## WORK REQUEST
Give an unaltered copy of the listing below, minus its pictures.

## PROVIDED DATA
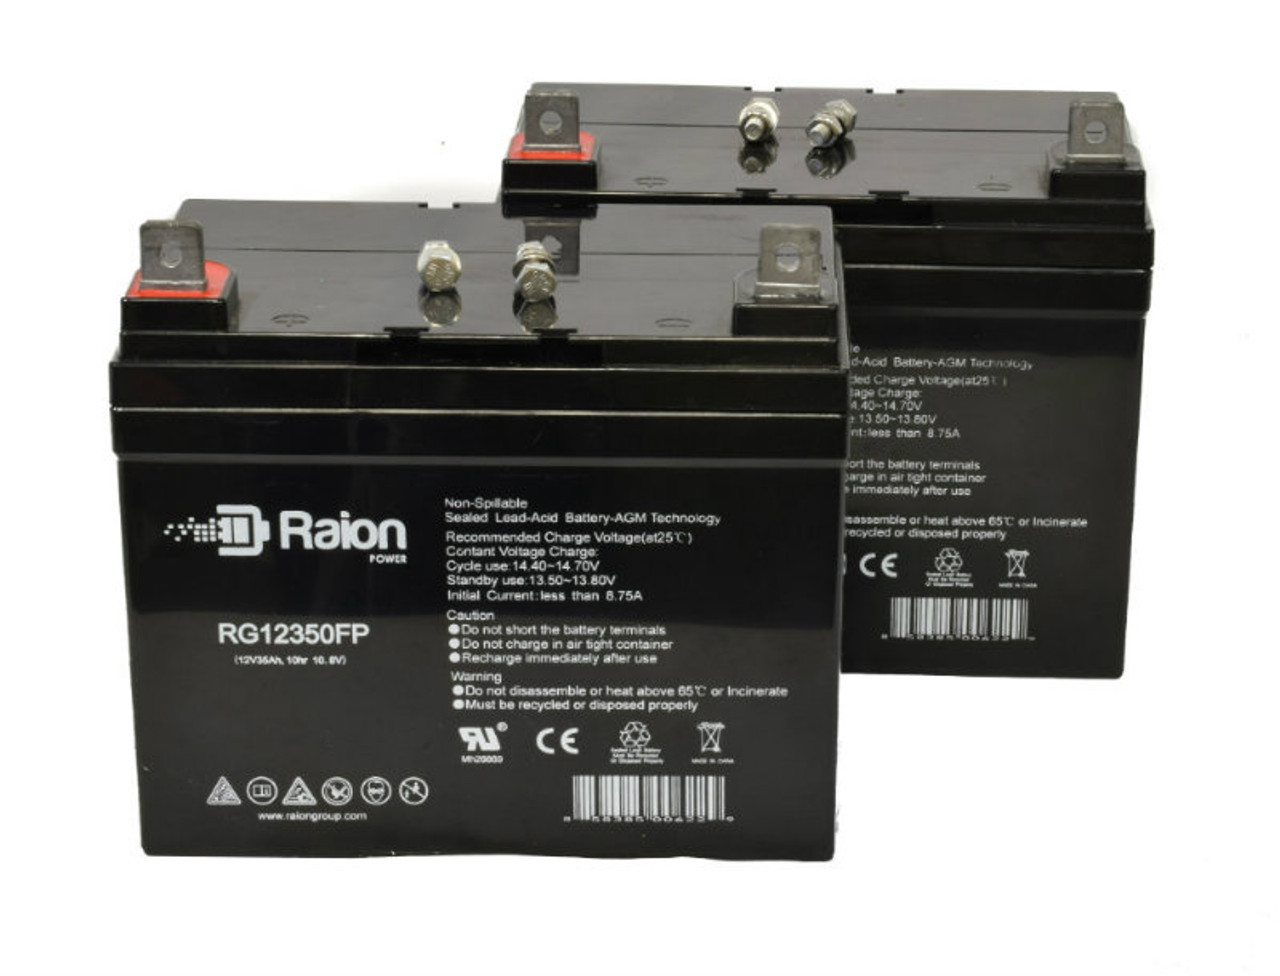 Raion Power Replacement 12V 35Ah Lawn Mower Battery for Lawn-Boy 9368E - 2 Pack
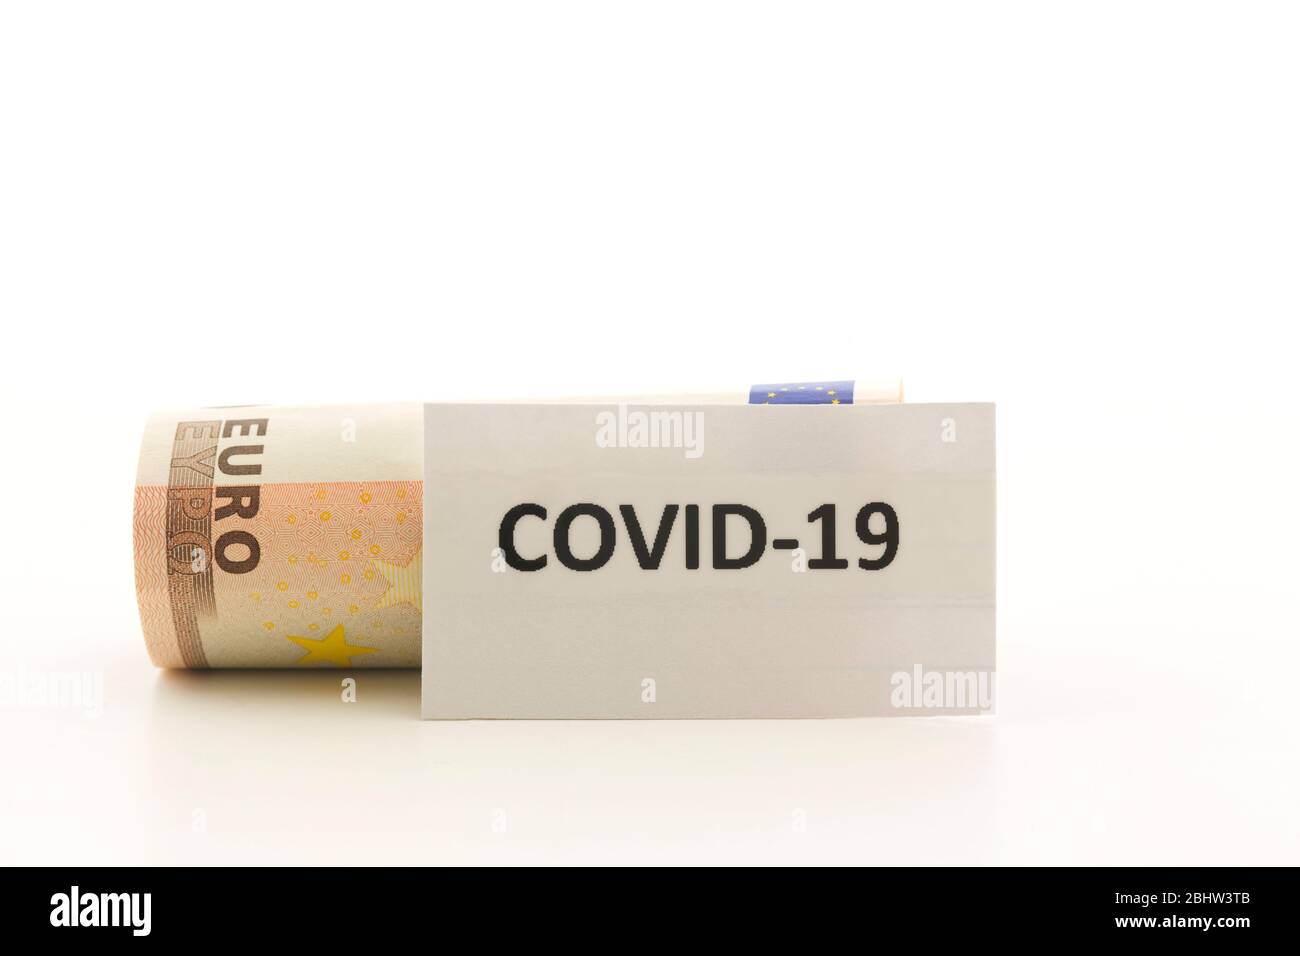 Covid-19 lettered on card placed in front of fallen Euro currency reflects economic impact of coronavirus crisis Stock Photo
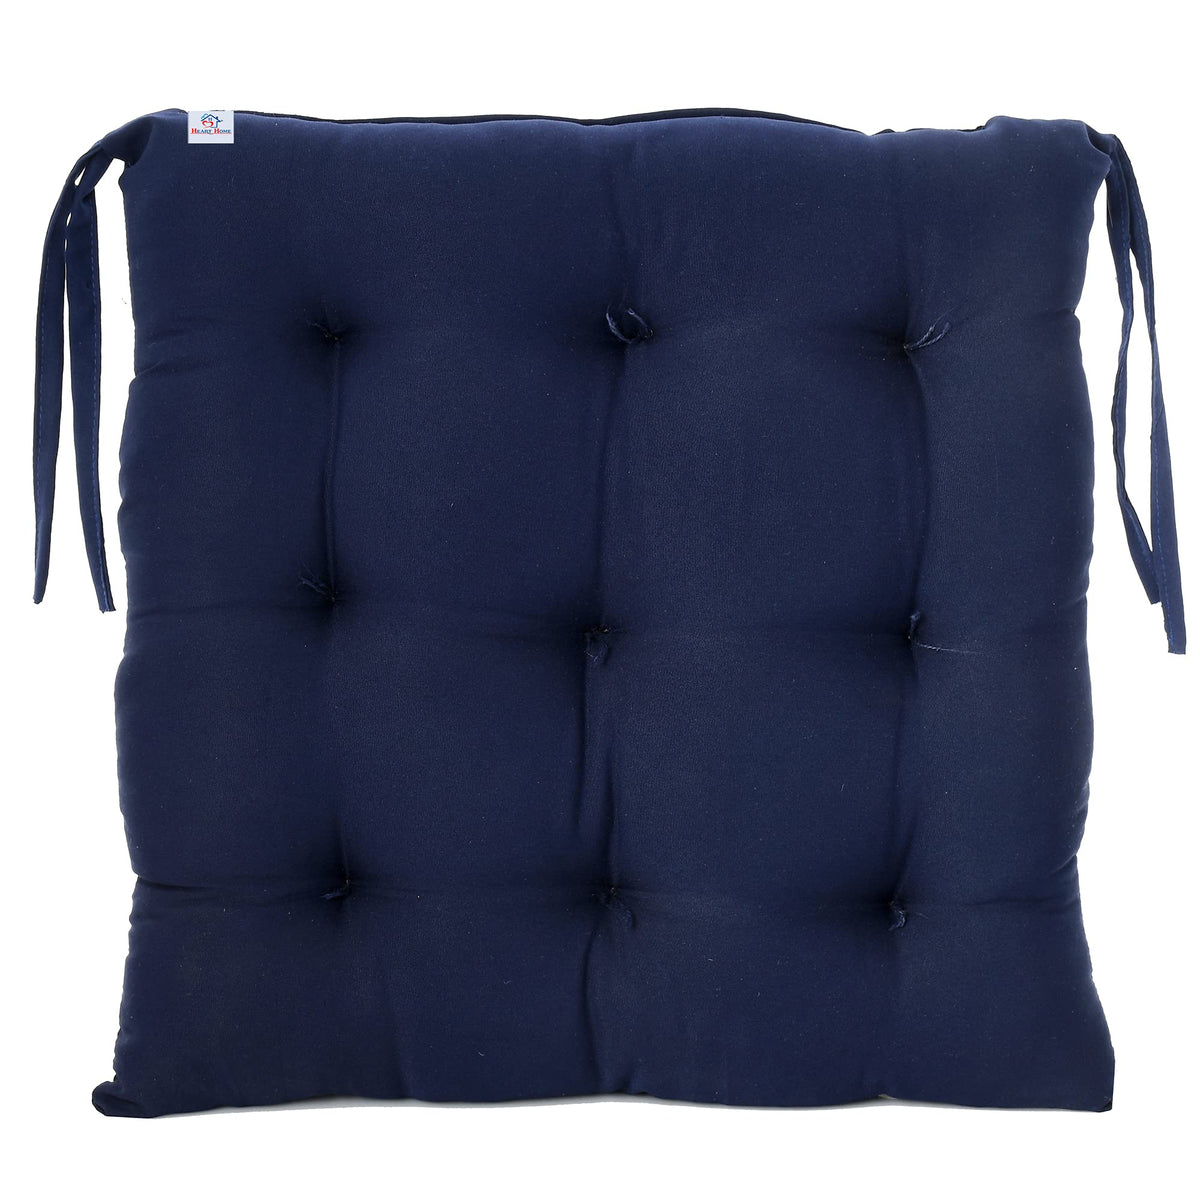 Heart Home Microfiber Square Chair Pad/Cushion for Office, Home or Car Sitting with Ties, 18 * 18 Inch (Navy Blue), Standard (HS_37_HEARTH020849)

## REPLY
 Raion Power Replacement 12V 35Ah Lawn Mower Battery for Lawn-Boy 9368E - 2 Pack
 Covid-19 lettered on card placed in front of fallen Euro currency reflects economic impact of coronavirus crisis Stock Photo
 Heart Home Microfiber Square Chair Pad/Cushion for Office, Home or Car Sitting with Ties, 18 * 18 Inch (Navy Blue), Standard (HS_37_HEARTH020849)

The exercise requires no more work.